2012-08-30 Thread Craig Weinberg
I think that thinking can be best understood as hypothetical feeling. If 
you start from sensation and allow that through time, memory would elide 
separate instances of sense together, giving us meta-sensation or emotion. 
This can be thought of as an emergent property, as a melody is an emergent 
property of a sequence of notes, but this is not enough to explain what it 
really is. It makes just as much sense to see the individual notes as mere 
stepping stones to recover the richer sense of melodies. It works both 
ways, gestalts pulling algebraically from the top down and fragments 
pushing geometrically from the bottom up.

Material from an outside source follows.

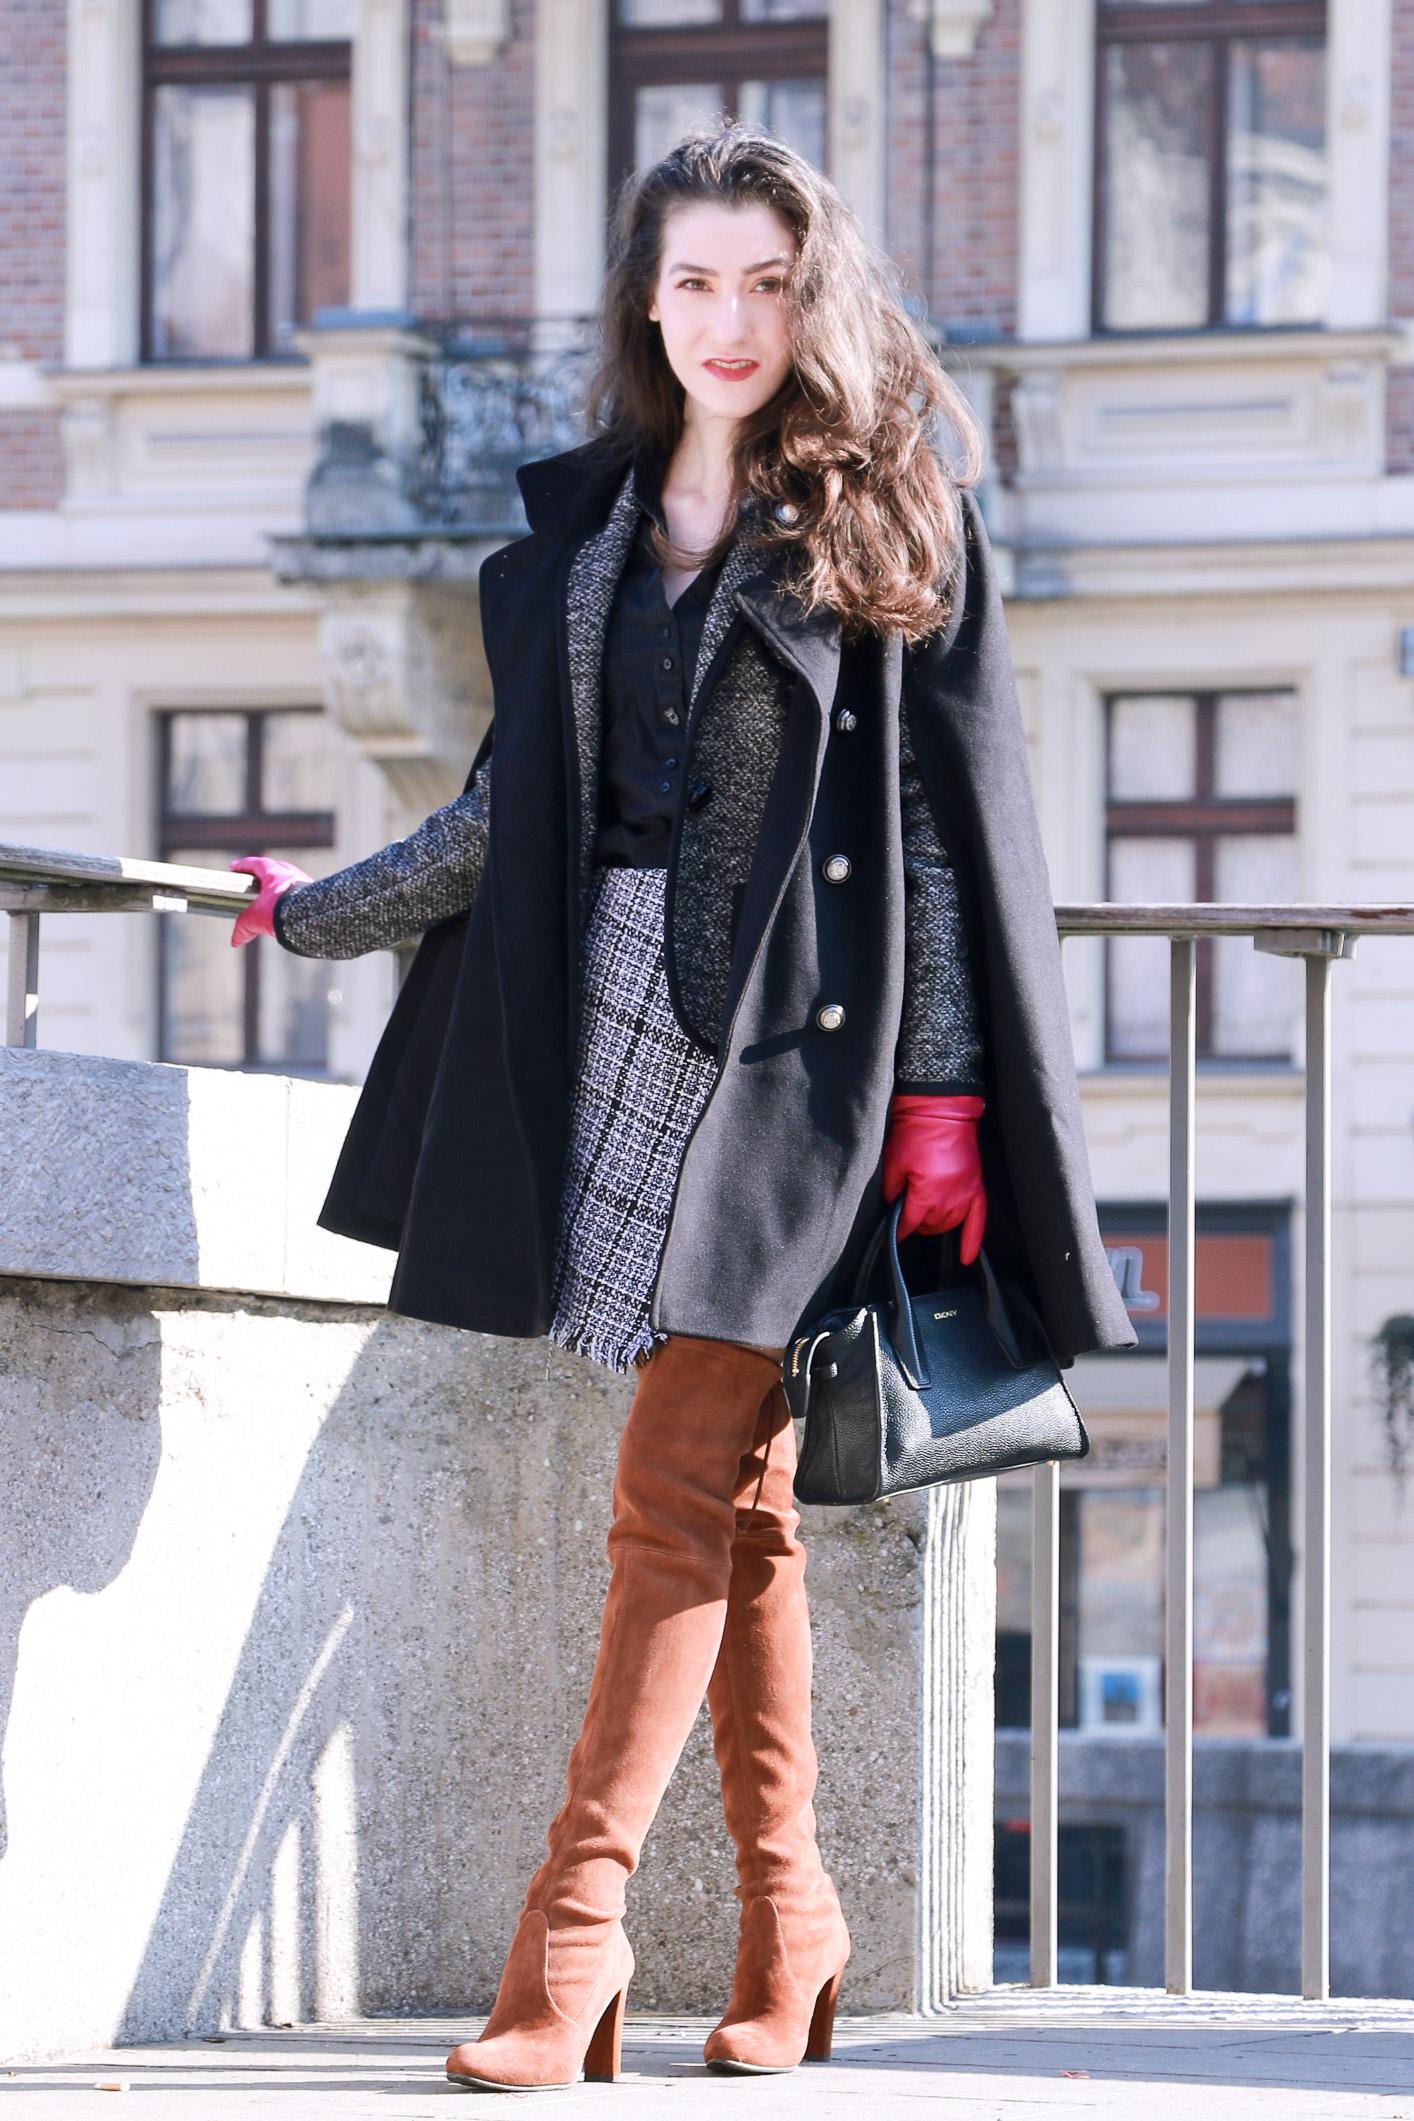 women business casual dress code photo - 1

From emotional gestalts, we get mental gestalts, which are essentially 
placeholders for emotions. Evacuated logical frameworks which we use like 
formulas to attach our awareness as lenses and prisms manipulate light. 
Thoughts have no extension in space, they literally aren't structures in 
space, they are metaphorical tropes through time.

Think of how the advent of language extends experience beyond the present. 
In a paleolithic tribe, even if I can gesture and grunt, it can only be 
assumed that I am communicating about something imminent and local. With 
language and writing we can hear voices from centuries ago and far away. We 
can replace the concrete fluidity of our shared realism with bubbles of 
hypothetical possibility. We can feel emotions that we are not 
realistically justified in feeling. We can plan and conspire to create 
things to be rather than just what already is. Mind is emotion squared. 
Emotion is sensation squared. Sensation is detection squared. 
Semiconductors detect, living cells feel, nervous systems think. This is 
simplified of course, the reality is a much subtler continuum.